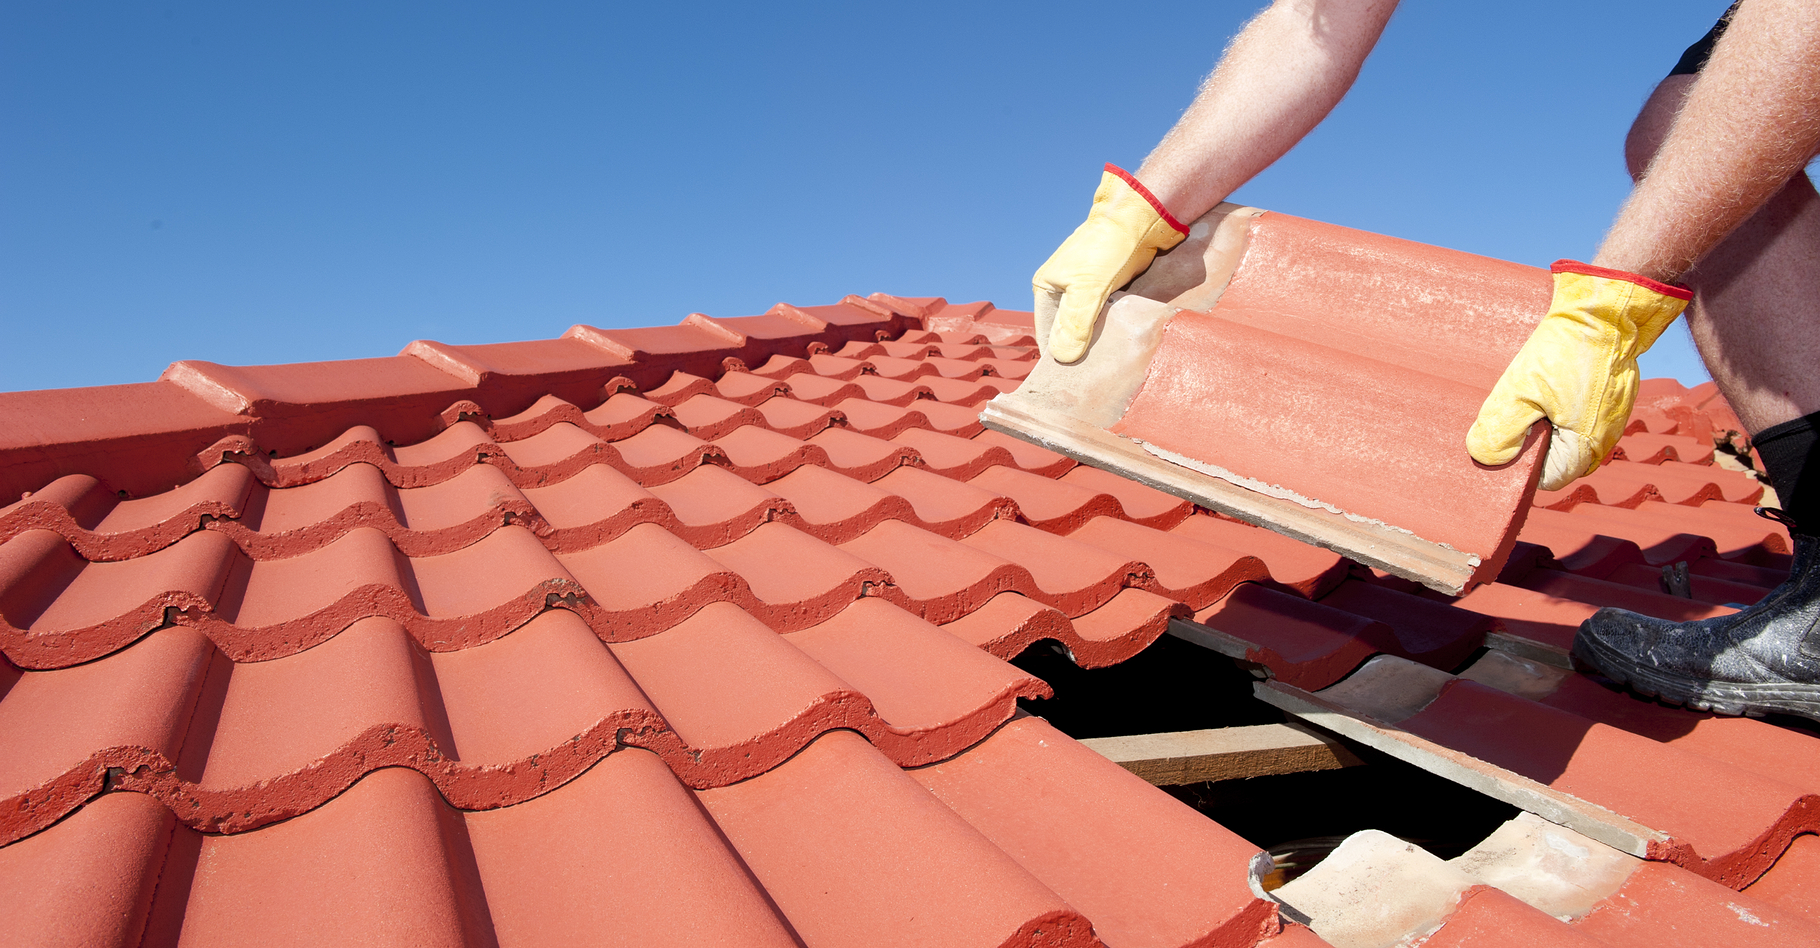 Les normes pour les pentes de toit doivent être respectées. © Rob Bayer, Shutterstock
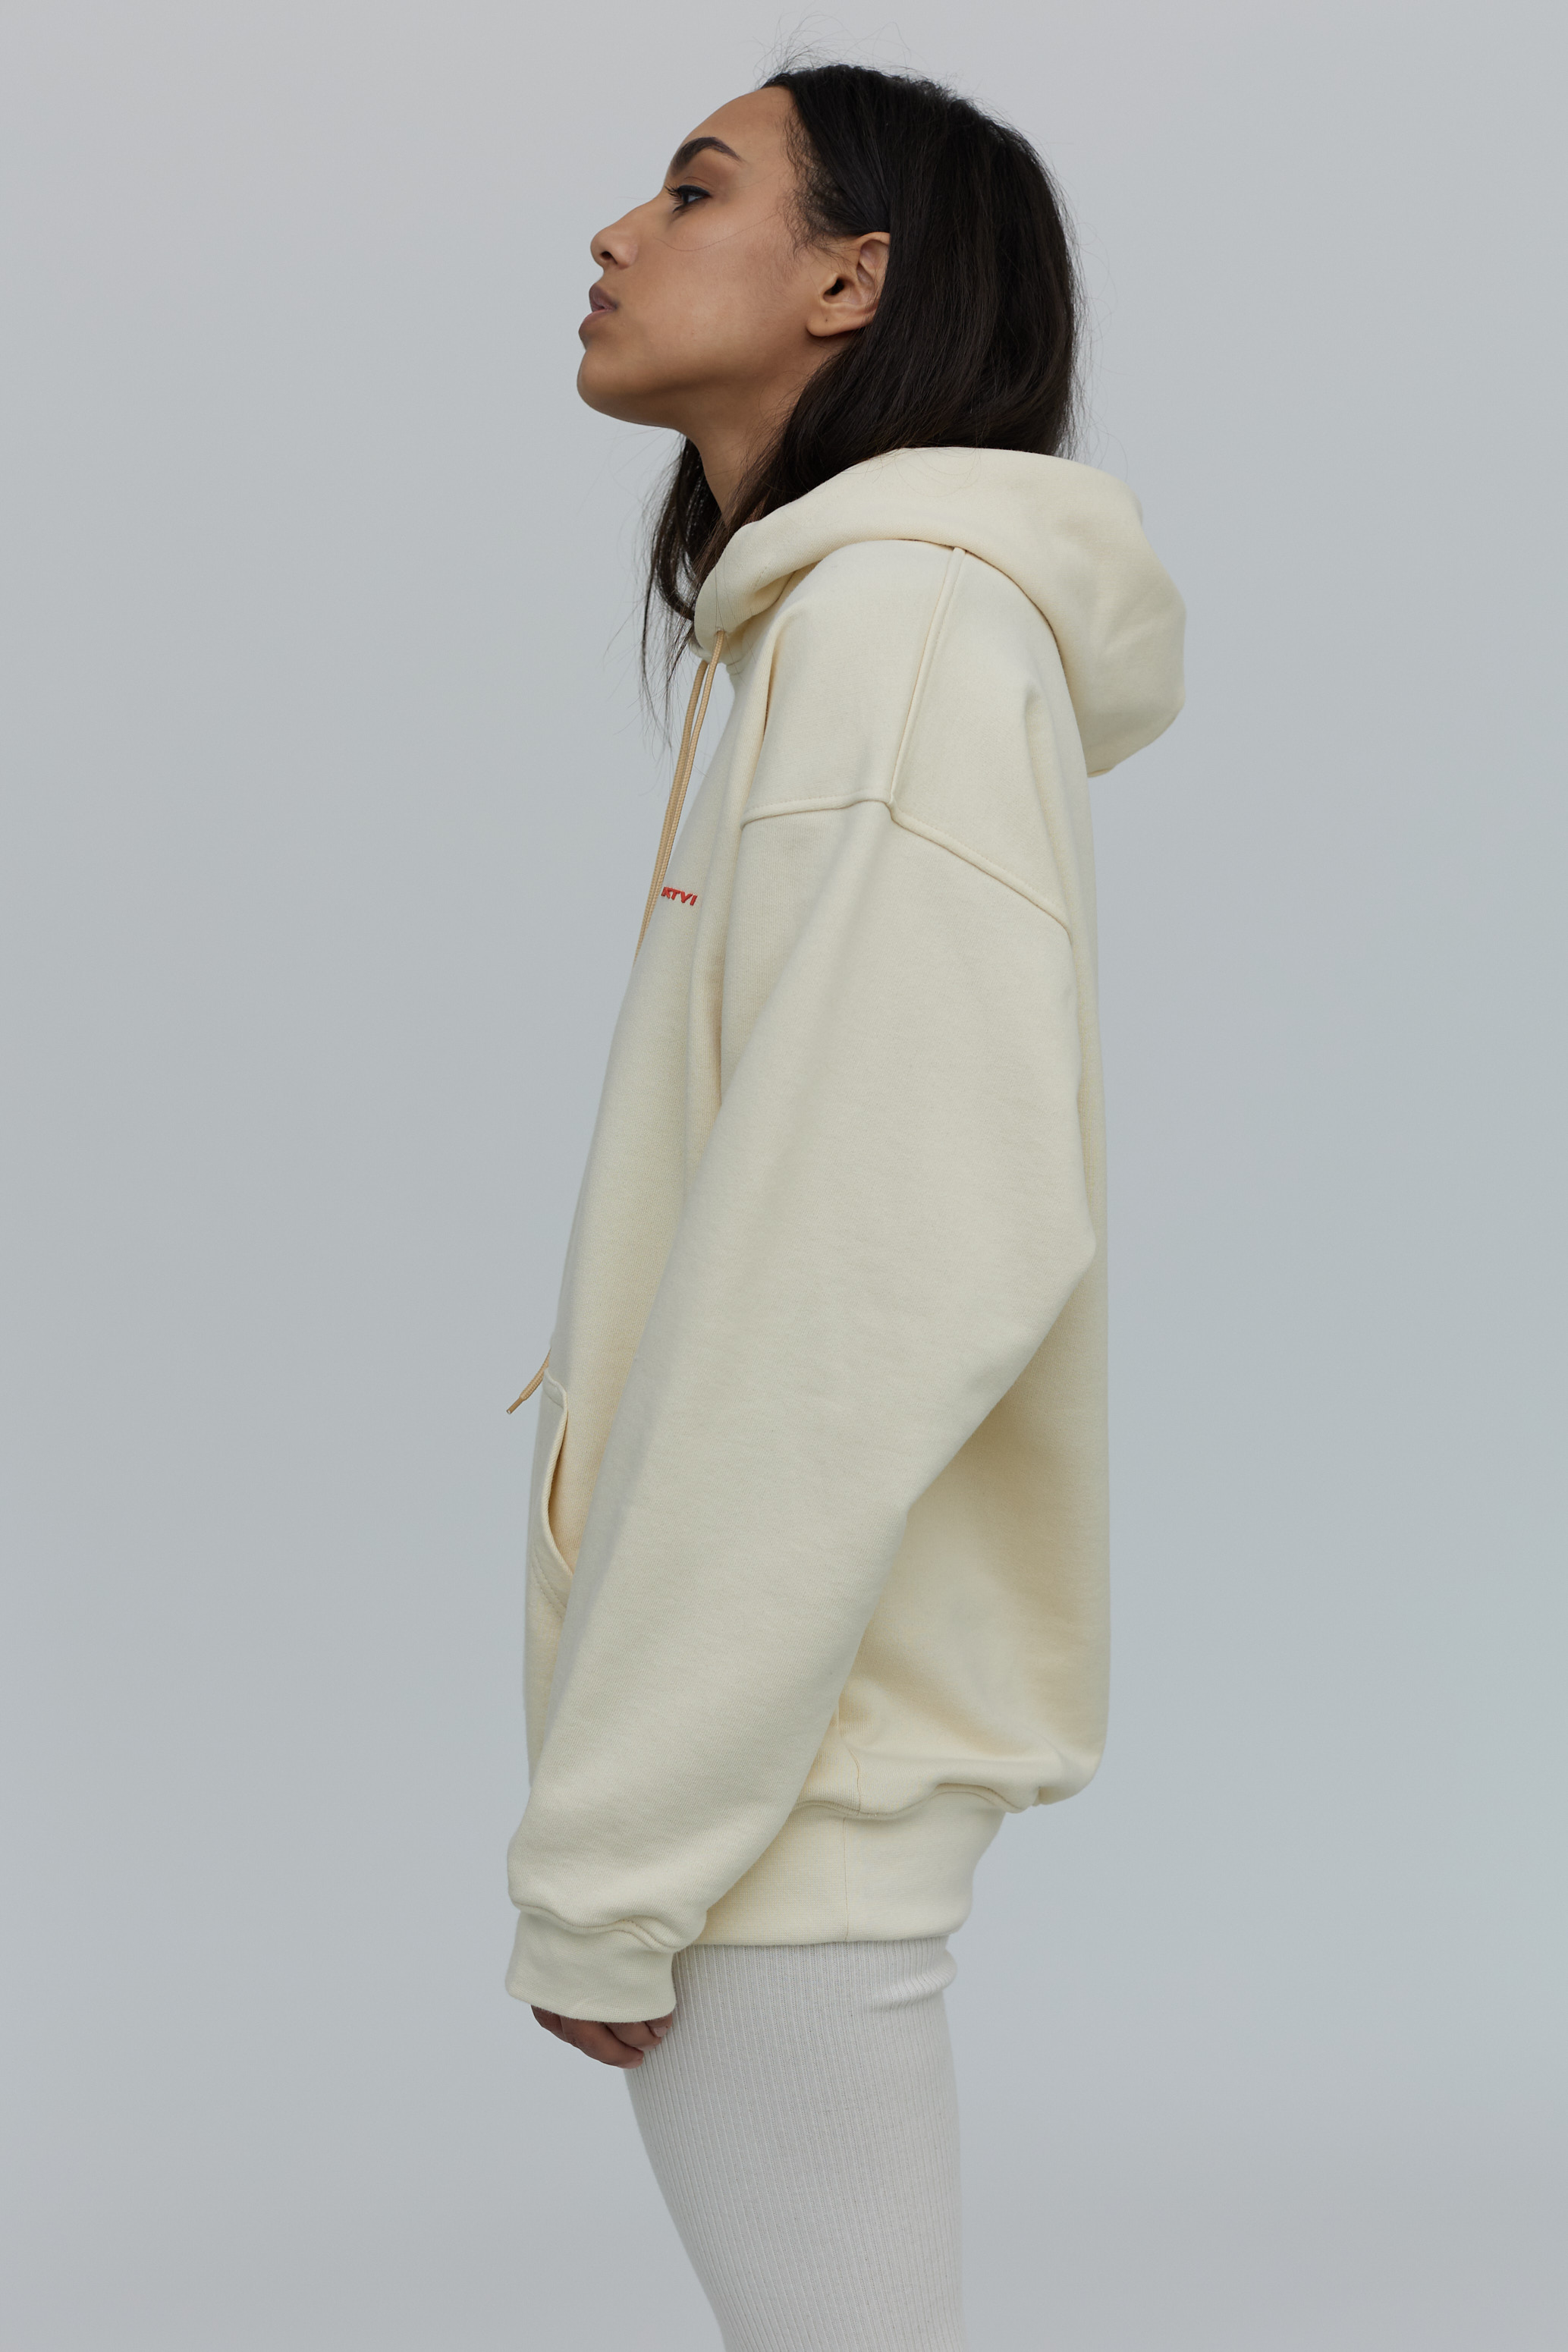 logo hoodie in vanilla color
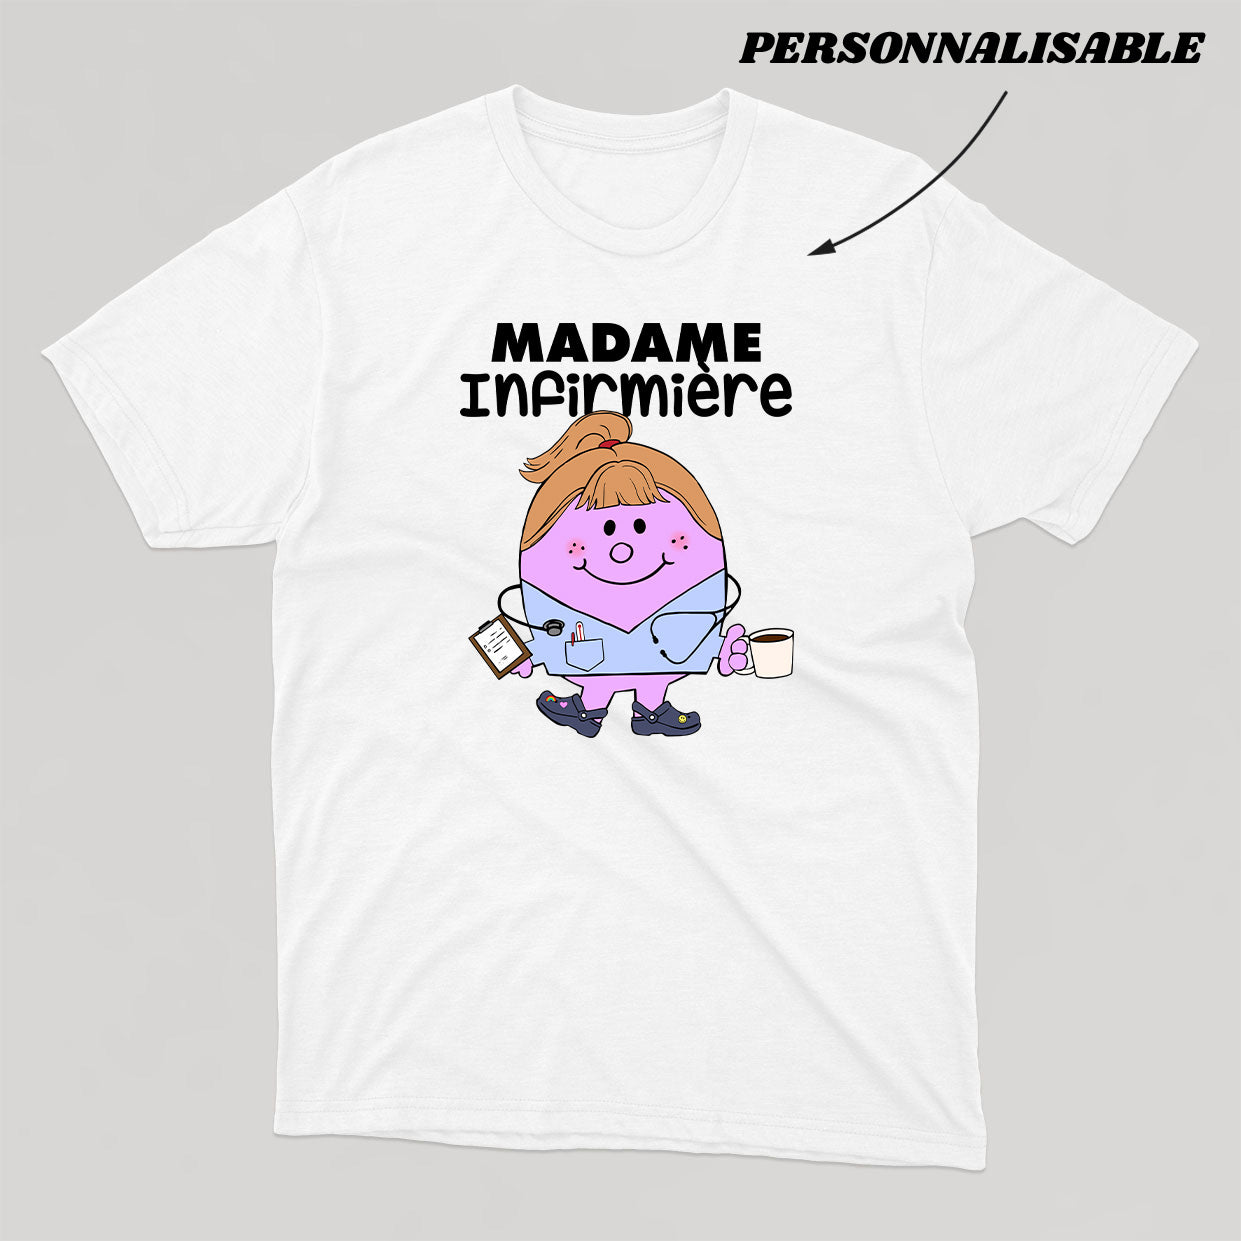 MADAME *PERSONNEL DE LA SANTÉ* t-shirt unisexe personnalisable - tamelo boutique

■ YOUR GOAL: Reproduce every line above exactly as written, omitting the images.

■ REPLY:
 Les normes pour les pentes de toit doivent être respectées. © Rob Bayer, Shutterstock
 logo hoodie in vanilla color
 MADAME *PERSONNEL DE LA SANTÉ* t-shirt unisexe personnalisable - tamelo boutique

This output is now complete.